The ribosome is a large complex molecule which is responsible for catalyzing the formation of proteins from individual amino acids using messenger RNA as a template.[1] This process is known as translation. Ribosomes are found in all living cells.

The sequence of DNA encoding for a protein may be copied many times into messenger RNA (mRNA) chains of a similar sequence. Ribosomes can bind to an mRNA chain and use it as a template for determining the correct sequence of amino acids in a particular protein. Amino acids are selected, collected and carried to the ribosome by transfer RNA (tRNA molecules), which enter one part of the ribosome and bind to the messenger RNA chain. The attached amino acids are then linked together by another part of the ribosome.

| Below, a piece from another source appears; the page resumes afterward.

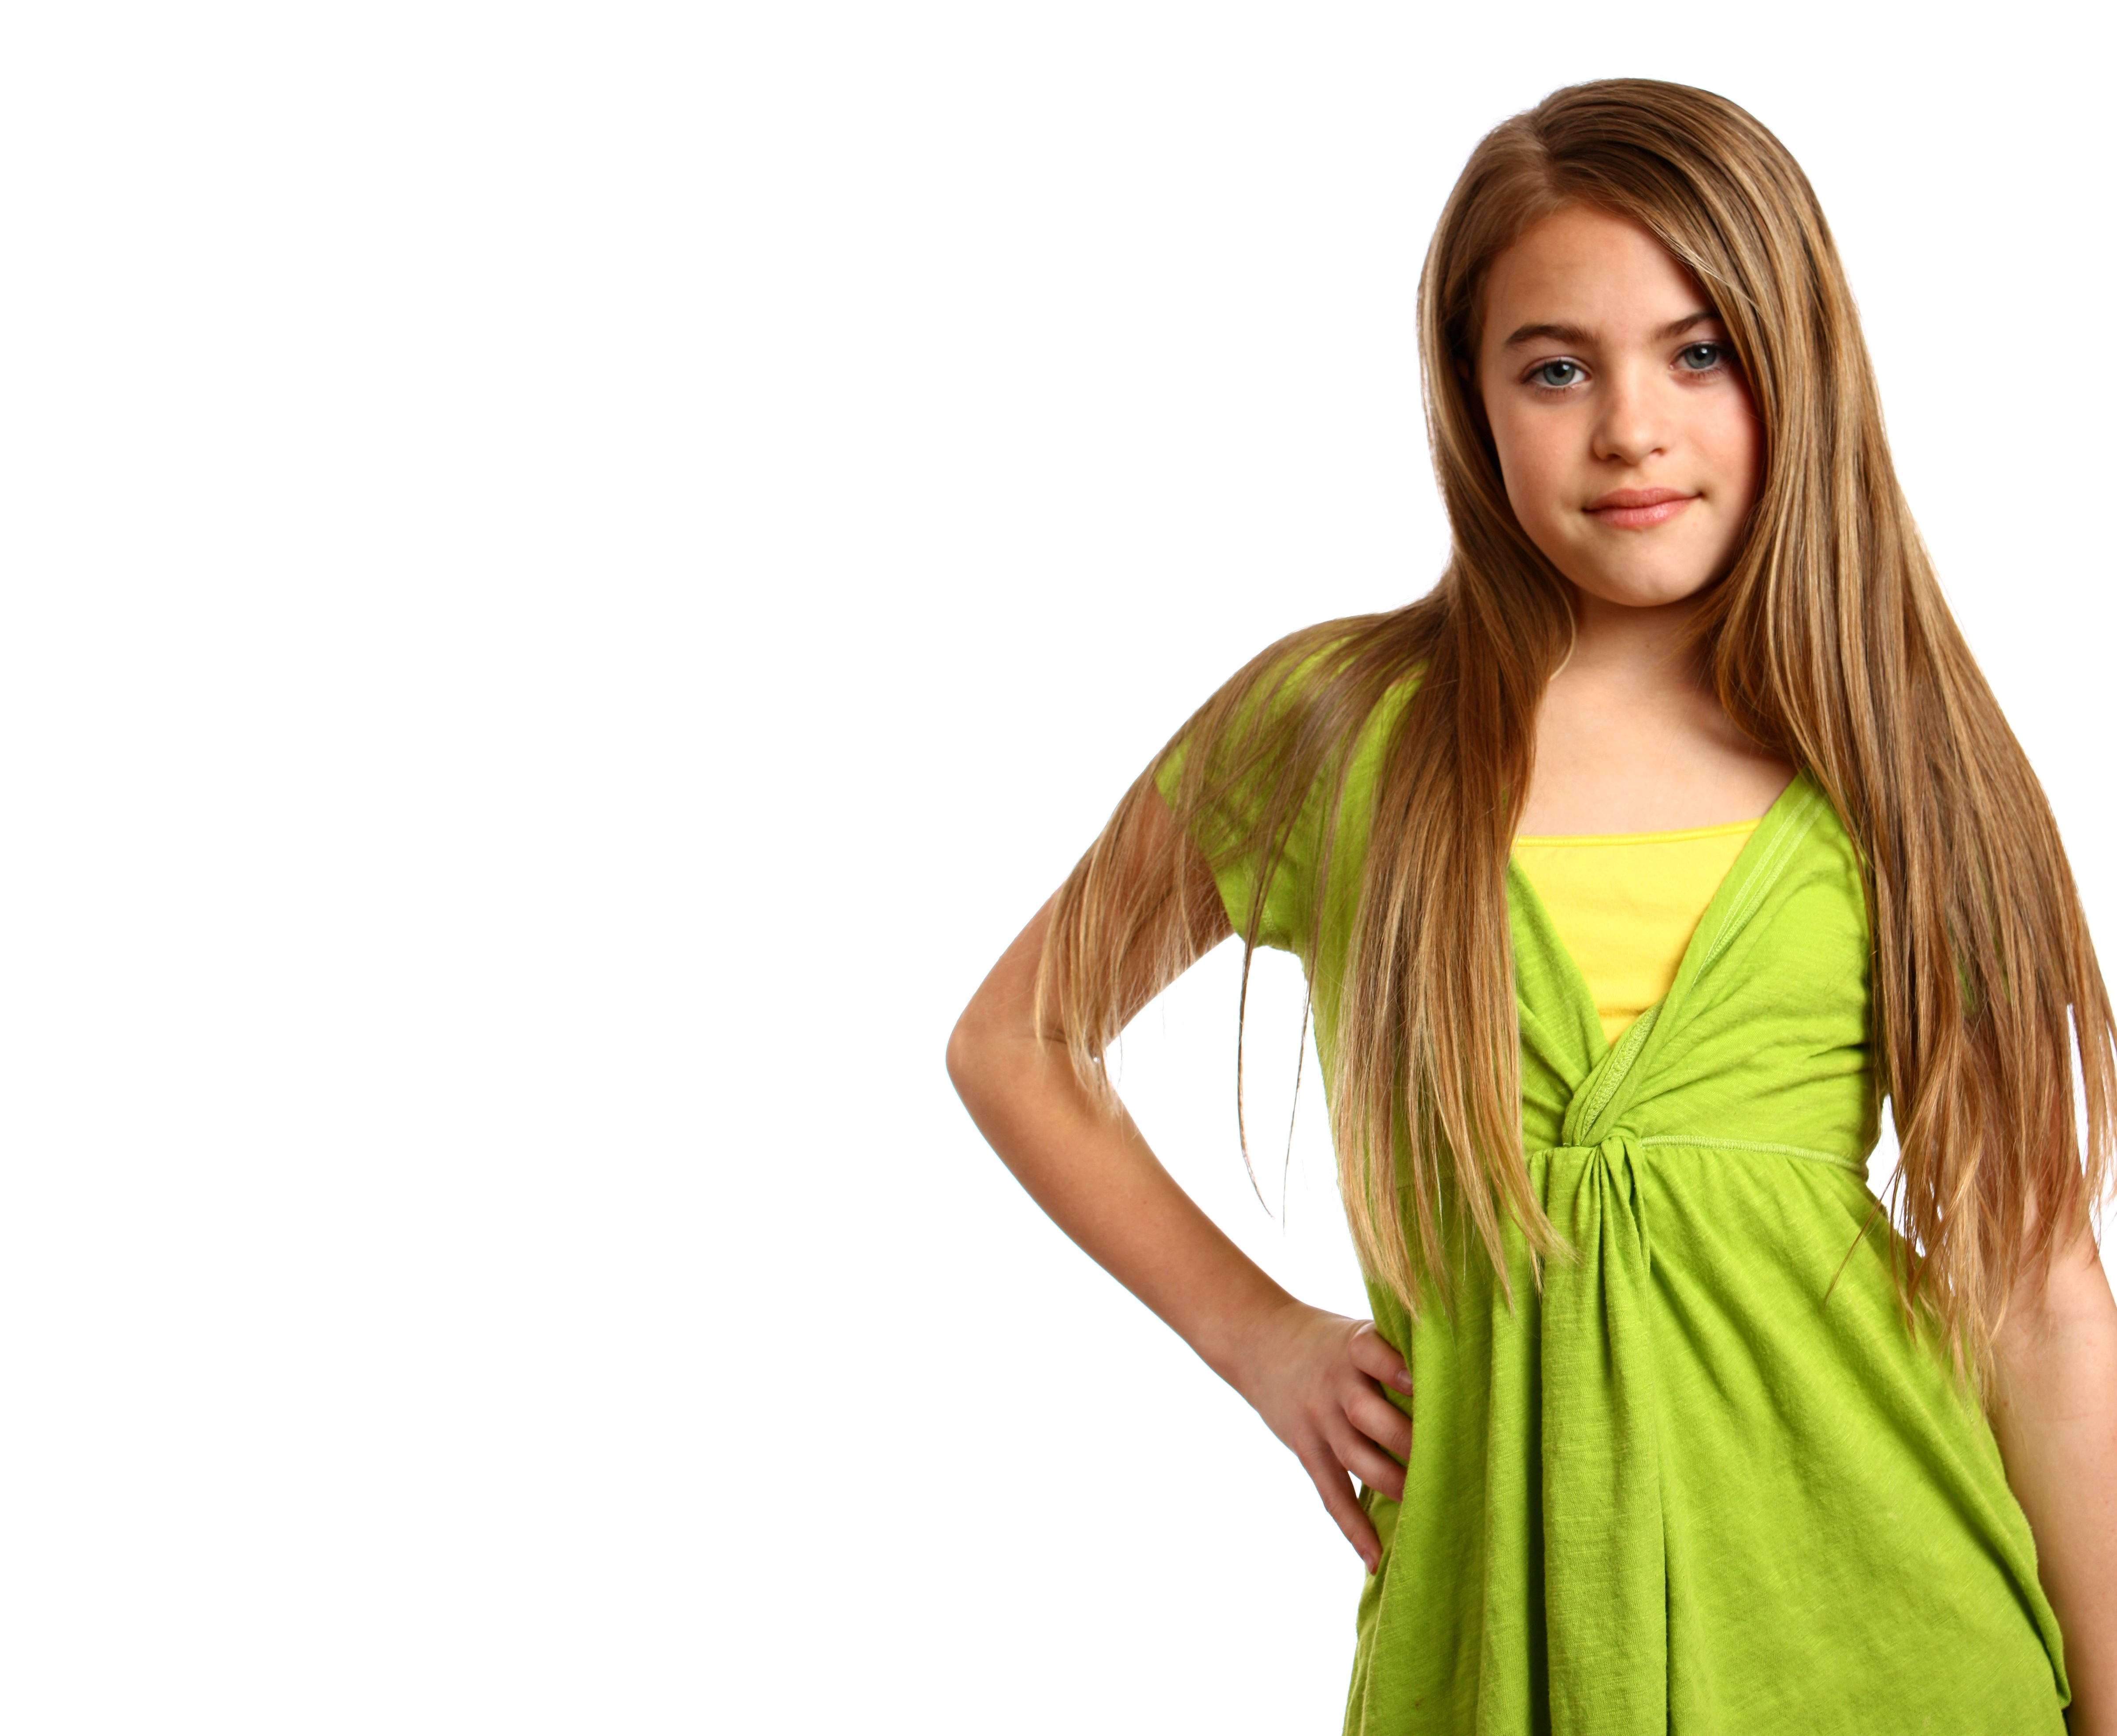 A beautiful young girl posing photo

More than one ribosome may move along a single mRNA chain at one time, each "reading" its sequence and producing a corresponding protein molecule. Once the protein is produced it can then 'fold up' to produce a specific functional three-dimensional structure largely determined probabilistically by the pattern of charges in its sequence.

A ribosome is made from complexes of RNAs and proteins called ribonucleoproteins. Each ribosome is divided into two subunits. The smaller subunit binds to the mRNA pattern, while the larger subunit binds to the tRNA and the amino acids. When a ribosome finishes reading an mRNA molecule, these two subunits split apart. Ribosomes have been classified as ribozymes, because the ribosomal RNA seems to be most important for the peptidyl transferase activity that links amino acids together.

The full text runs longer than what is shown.